Tier 4 then looks at the type record; the current heuristic is that if the same type has been seen 100 times in a row, the compiler will speculate
### Garbage collection
Pyston currently utilizes a *conservative* garbage collector -- this means that GC roots aren't tracked directly, but rather all GC-managed memory is scanned for values that could point into the GC heap, and treat those conservatively as pointers that keep the pointed-to GC memory alive.
Currently, the Pyston's GC is a non-copying, non-generational, stop-the-world GC. ie it is a simple implementation that will need to be improved in the future.
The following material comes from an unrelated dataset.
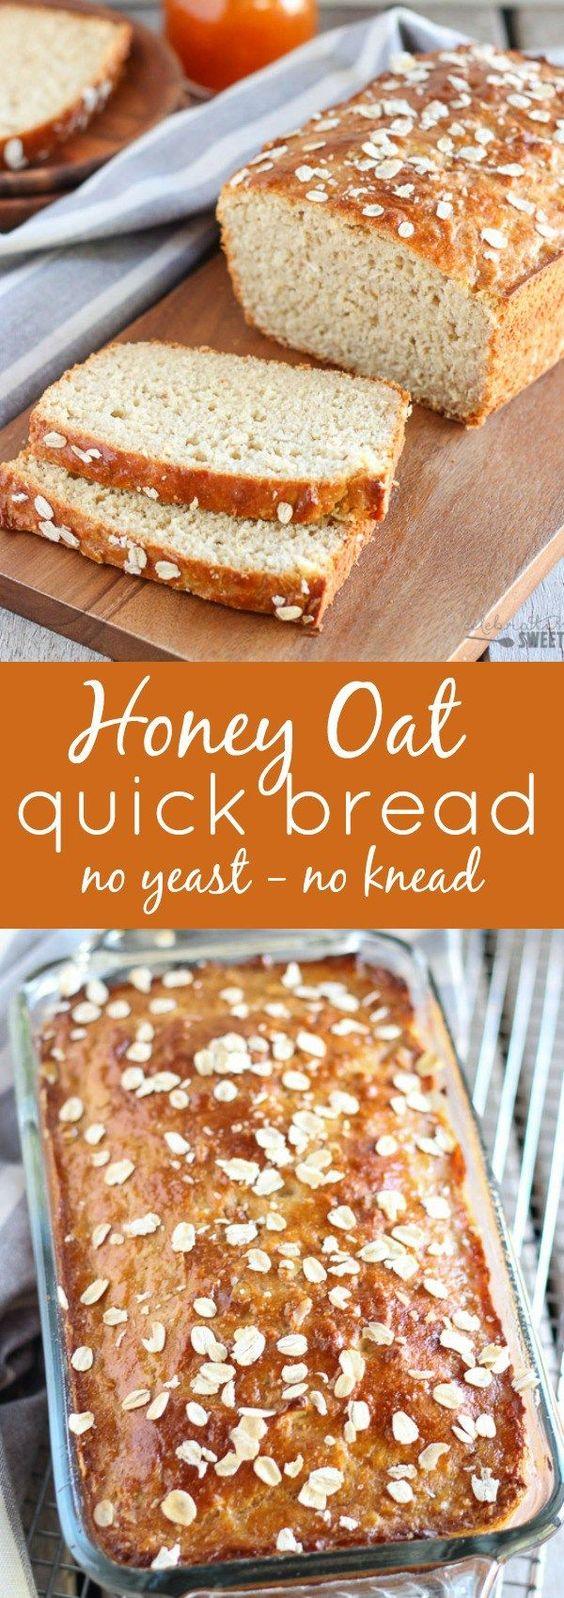 Honey Oat Quick Bread (no yeast, no knead)   Recipe   Quick Bread ...

### Native extension module support
CPython-style C extension modules can be difficult in a system that doesn't use refcounting, since a GC-managed runtime is forced to provide a refcounted API. PyPy handles this by using a compatibility layer to create refcounted objects; our hope is to do the reverse, and instead of making the runtime refcount-aware, to make the extension module GC-aware.
We have a basic implementation of this that is able to run a number of the CPython standard modules (from the Modules/ directory), and so far seems to be working. The C API is quite large and will take some time to cover.
### Parallelism support
Pyston currently uses a GIL to protect threaded code. The codebase still contains an experimental "GRWL" configuration, which replaces the GIL with a read-write lock. This allows Python code to execute in parallel but still allow for critical sections (recompilation, C API calls, etc), and seems to work ok. It doesn't provide the same memory-ordering guarantees that CPython provides.
This approach has mostly been abandoned as infeasible, but you can test it by doing `make pyston_grwl`.